Beyond this, it should

  • provide a public default (no-arg) constructor

  • make each relevant property configurable by a set-method

If your data format and generation supports nesting, the methods startConsuming() and finishConsuming() are called in a hierarchical manner. So, if A contains B, the invocation sequence is:

startConsuming(A)

startConsuming(B)

finishConsuming(B)

finishConsuming(A)

For non-hierarchical processing you only need to implement the startConsuming() with data processing logic.

Custom EntitySources

For defining a custom EntitySource you need to implement two methods:

  • Class<Entity> getType(): Must return Entity.class

  • DataIterator<E> iterator(): Must return a DataIterator which iterates over entities. If the iterator requires resource allocation, it should free its resources on close() invocation.

Beyond this, a custom EntitySource should

  • provide a public default (no-arg) constructor

  • make each relevant property configurable by a set-method

Custom Tasks

For executing custom Java code, the most efficient choice is to write a JavaBean class that implements the interface com.rapiddweller.task.Task.

The Task interface consists of callback interfaces for execution logic and lifecycle management.

  • String getTaskName(): returns a task name for tracking execution. On parallel execution, the framework appends a number to identify each instance.

  • TaskResult execute(Context context, ErrorHandler errorHandler): implements the core functionality of the task. Tasks may be called several times subsequently and the task uses return valueto indicate whether it is running, has just finished or is unavailable.

  • void pageFinished(): is called by the framework to inform the task that a 'page' of user-defined size has finished. This can be used, e.g. for grouping several execute() steps to one transaction.

  • void close(): is called by the framework to make the task close all resources and prepare to be garbage-collected.

  • boolean isParallelizable(): Tells if the task can be executed in several threads concurrently. This is not used in Benerator.

  • boolean isThreadSafe(): Tells if it is possible to create clones of the task and execute each clone in a dedicated single thread. This is not used in Benerator.

Benerator provides several implementations of the Task interface which are useful as parent class for custom implementations:

  • AbstractTask is a simple abstract implementation that provides useful default implementations for the lifecycle-related methods.

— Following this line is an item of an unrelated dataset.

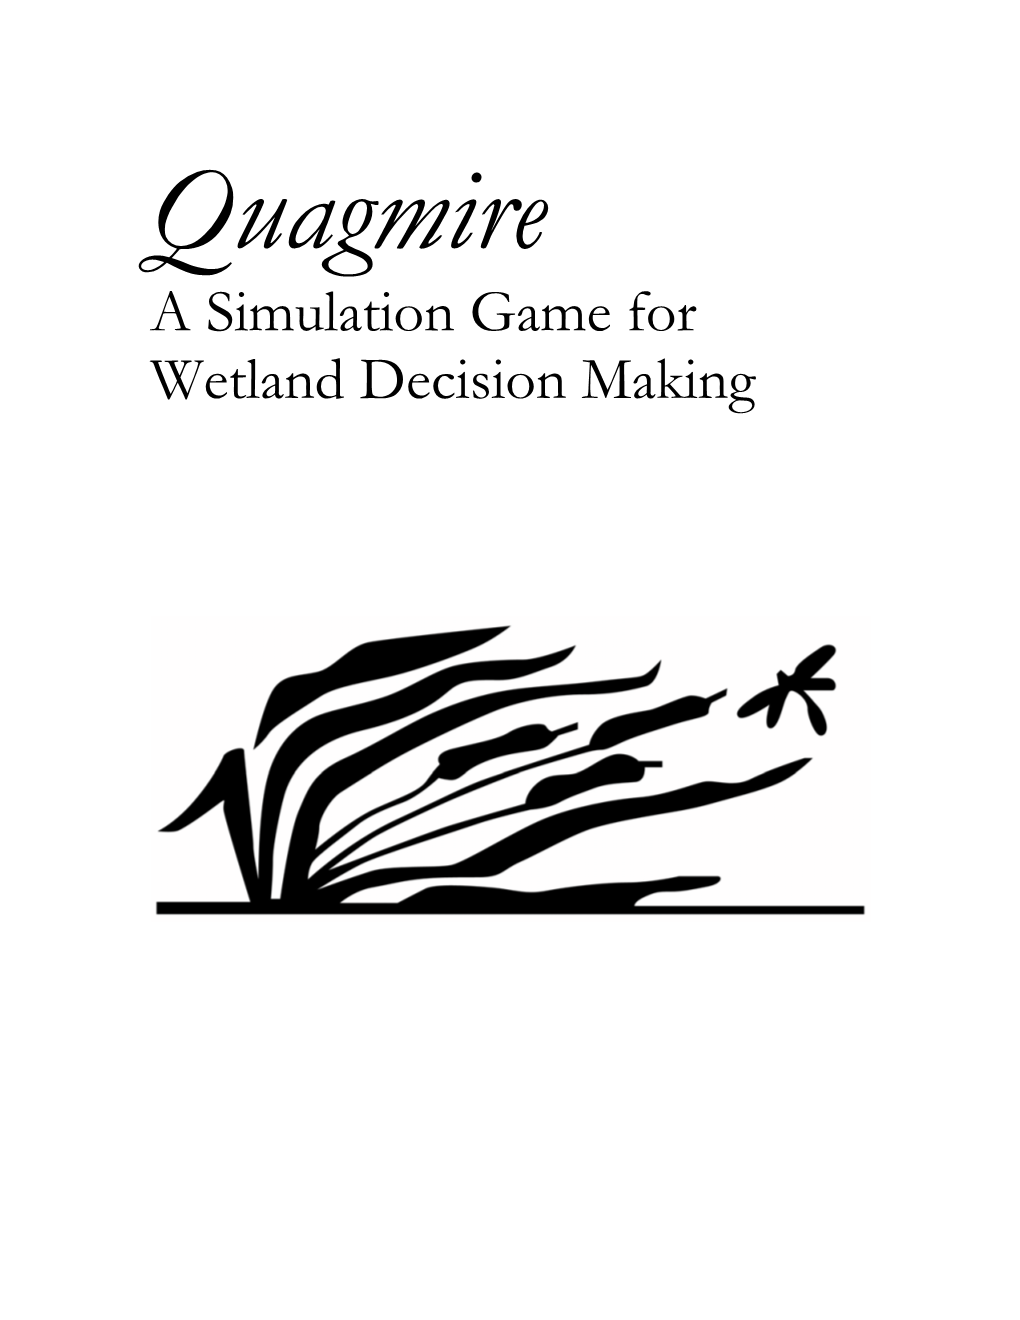 A Simulation Game for Wetland Decision Making

  • TaskProxy can be used to wrap another Task object with a custom proxy and add extra functionality.

  • RunnableTask can be used to wrap an object that implements the Runnable interface.

A task has access to all Java objects and entities in the context and may arbitrarily add own objects (e.g. for messaging between different tasks). A common usage pattern is to share e.g. a transactional database by the context, have every thread store objects in it and then use the pager to commit the transaction.